Every weekday for 110 straight days we will feature a different living recipient of the Medal of Honor. These are the men who have received their nation's highest military honor. Brian is a board member of the Congressional Medal of Honor Foundation. The words and photos are courtesy of Artisan Books, publishers of "Medal of Honor: Portraits of Valor Beyond the Call of Duty by Peter Collier with photographs by Nick Del Calzo.
DUANE E. DEWEY
Corporal, U.S. Marine Corps Company E, 2nd Battalion, 5th Marines, 1st Marine Division
When 19-year-old Duane Dewey joined the Marines soon after North Korean forces rolled into the South, it was an “indefinite” enlistment—the duration of the war plus six months. Dewey was part of the 1st Marine Division, which was near Panmunjom in the spring of 1952. The command had established a series of outposts beyond the main American force. Corporal Dewey was the leader of a machine-gun squad in a reinforced platoon dug in at one of these positions when it was attacked by a battalion-size Chinese force around midnight on April 16.
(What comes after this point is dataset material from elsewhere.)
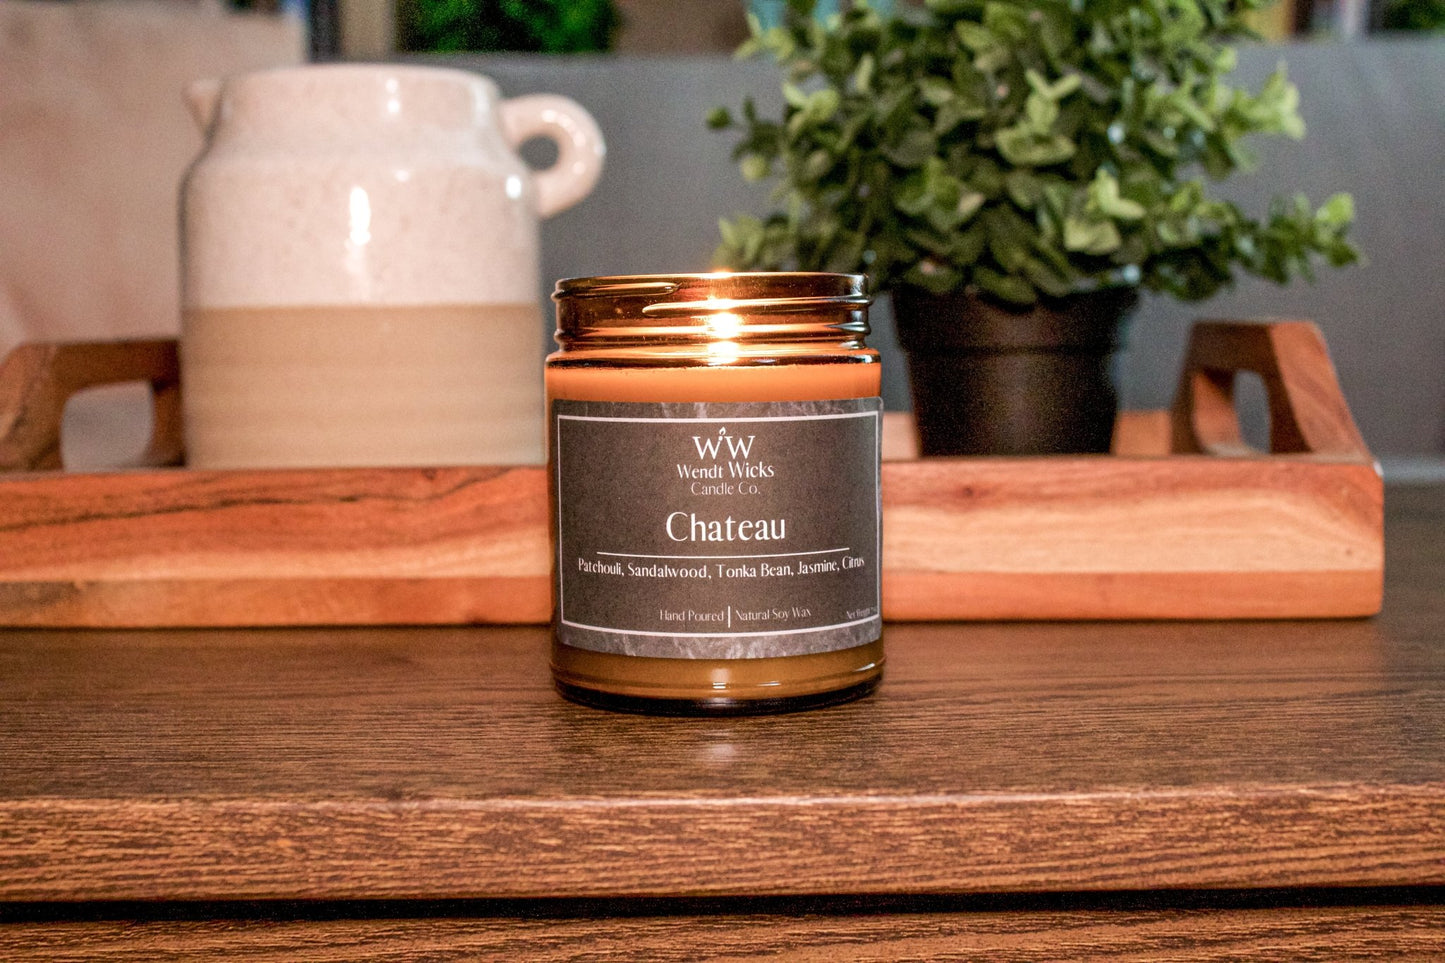 Chateau - Wendt Wicks Candle Co. - Amber candle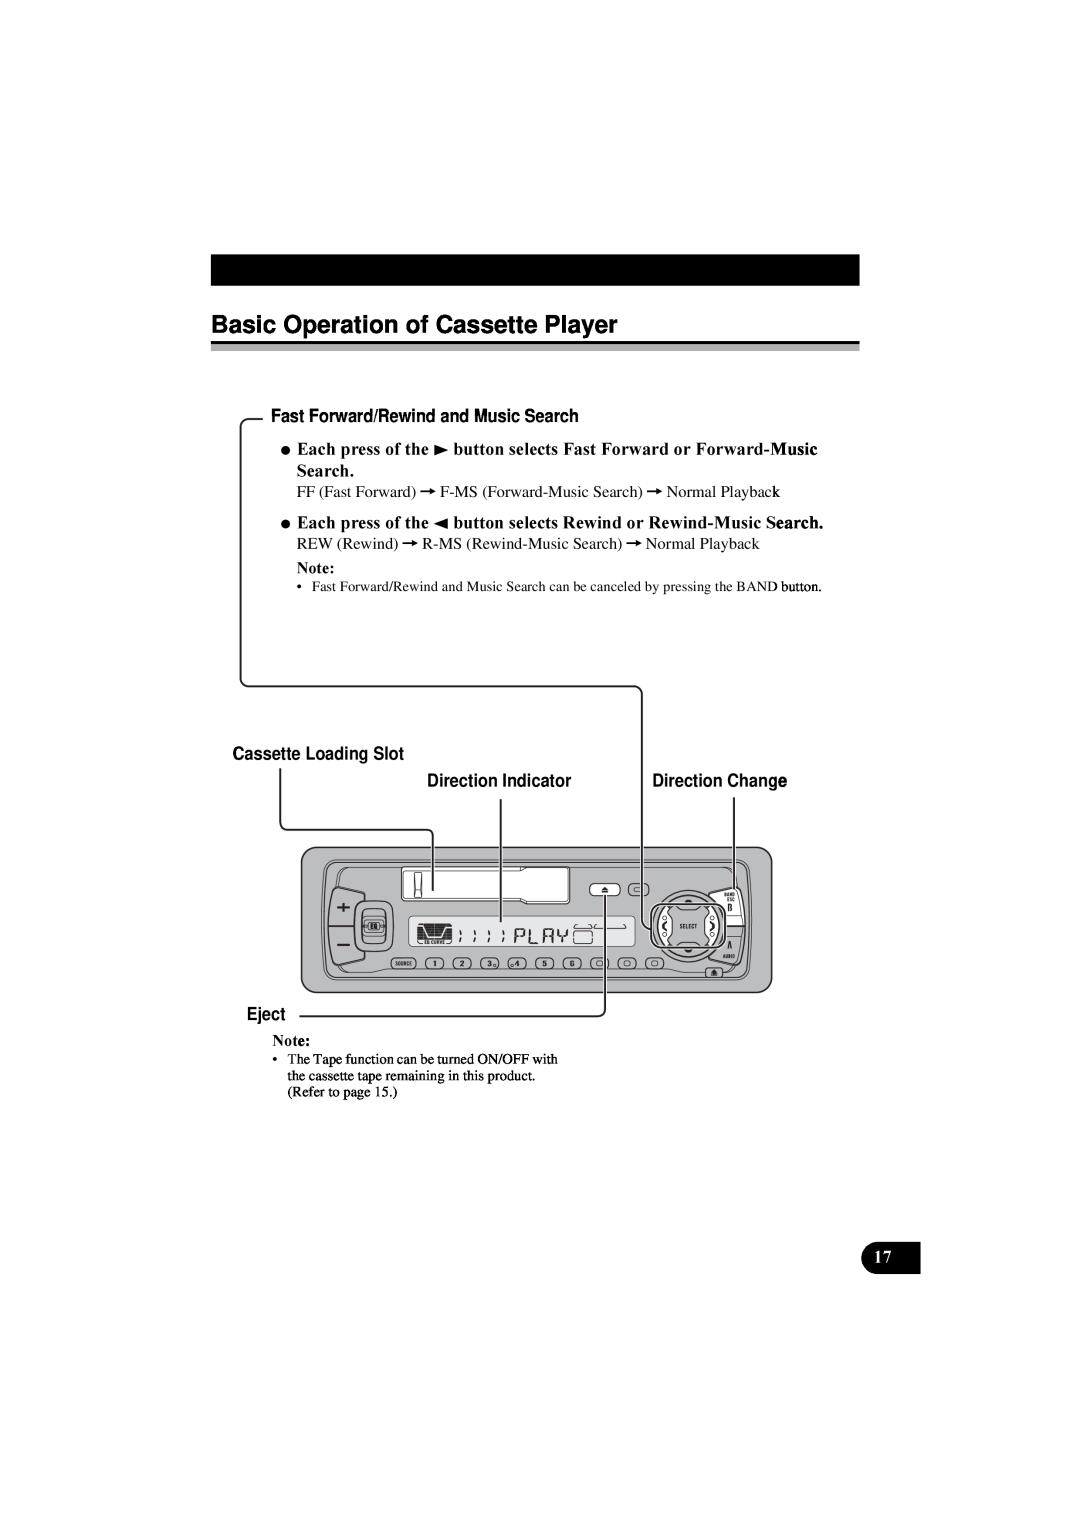 Pioneer KEH-P5900R Basic Operation of Cassette Player, Fast Forward/Rewind and Music Search, Cassette Loading Slot, Eject

The American outpost was quickly overrun. Carrying their machine guns, Dewey and his men fell back; now out of their foxholes and fighting on exposed ground, they tried to stabilize their position. Dewey worked his gun—firing so regularly that he feared the barrel might melt—and the bodies of Chinese soldiers piled up on one another in front of him. Seeing that he had only three cans of ammunition left, he ran to another machine gun for more. As he was returning, a grenade exploded at his feet, knocking him down. Bleeding heavily from the thigh and groin, he lay on the ground a moment, trying to reorient himself. A medic appeared, and as he knelt over Dewey to remove his blood-soaked pants, another grenade hit the ground beside them. Dewey grabbed it and for a second considered throwing it back. But he decided he didn't have the time or the strength, so he tucked it underneath him, pulling the medic down with his other hand and yelling, "Hit the dirt, Doc." The grenade detonated, lifting Dewey several inches off the ground and tearing up his hip. The medic was unharmed.
Dewey was taken back to the aid station. For an hour he lay outside waiting for treatment, not sure
that he would make it. Then he was given a shot of morphine and taken to a trench filled with other wounded Americans. He spent the rest of the night wondering which side would win the battle raging outside. Shortly after dawn, when American troops relieved his company, he was evacuated. Doctors treating him in the field hospital found that in addition to the gaping shrapnel wounds throughout the lower part of his body, he had also taken a bullet in the stomach. He was hospitalized in Japan for a month, then flown to the States, where he would spend three more months convalescing. On the way home, the plane stopped over briefly in Hawaii, where an officer visited him in the hospital and presented him with the Purple Heart. When Dewey casually mentioned that he had heard his captain was going to recommend him for the Medal of Honor, the officer shot him a look that made him resolve never to mention it again.
Dewey was back home in South Haven, Michigan, when he received a telegram informing him that he
had indeed been awarded the Medal of Honor. On March 12, 1953, Dwight Eisenhower presented it to him at the White House. "You must have a body of steel," the president said to him after reviewing his citation.
Dewey and his wife returned home after a week in Washington to a great surprise: To honor him, the townspeople had built a three-bedroom prefabricated house for them, completely furnished and with fully stocked cupboards and refrigerator.